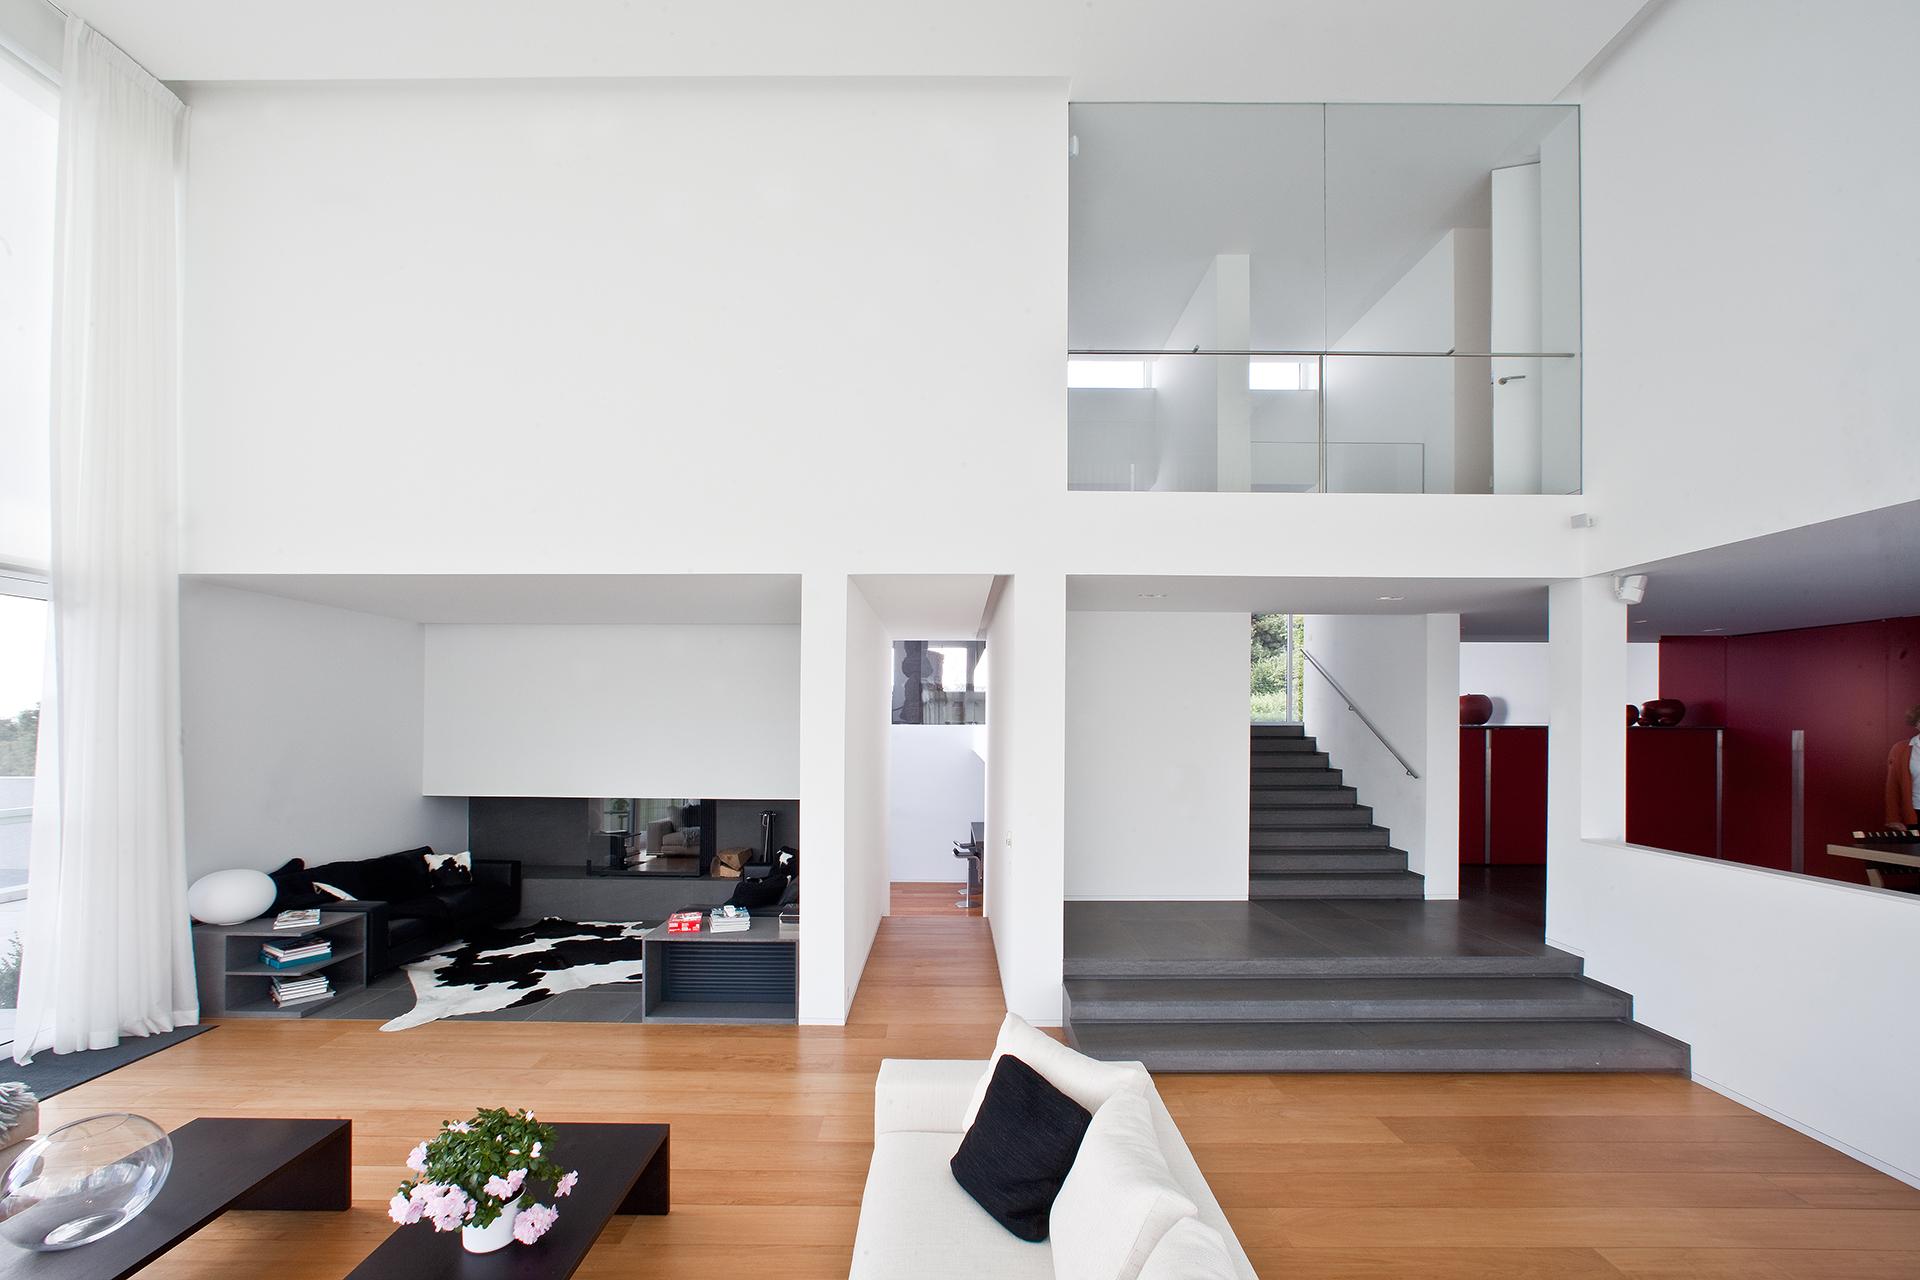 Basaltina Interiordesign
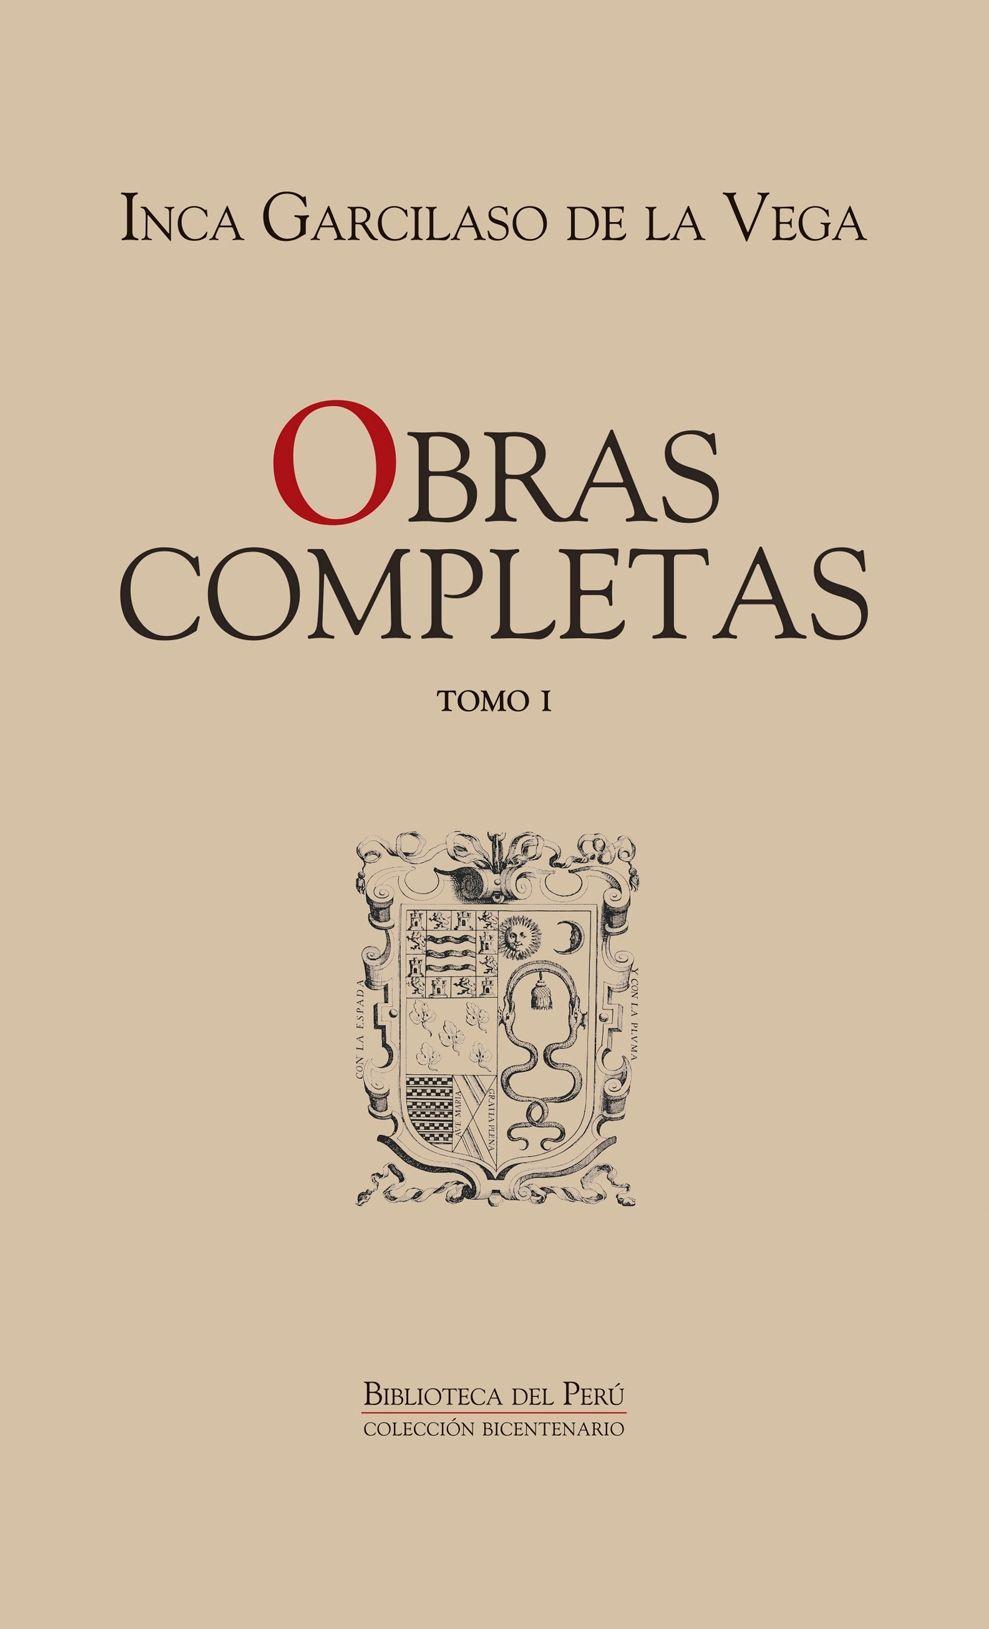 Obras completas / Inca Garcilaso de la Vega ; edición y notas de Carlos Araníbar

★ ★ ★

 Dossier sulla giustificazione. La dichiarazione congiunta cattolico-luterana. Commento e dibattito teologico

★ ★ ★

• [Exercise details]: Give again the lines of the listing above that run from the one with "Basaltina Interiordesign" up to and including the one with "Obras completas /". Keep them exact and omit the pictures.

• [Solved problem]:
 Basaltina Interiordesign
 Obras completas / Inca Garcilaso de la Vega ; edición y notas de Carlos Araníbar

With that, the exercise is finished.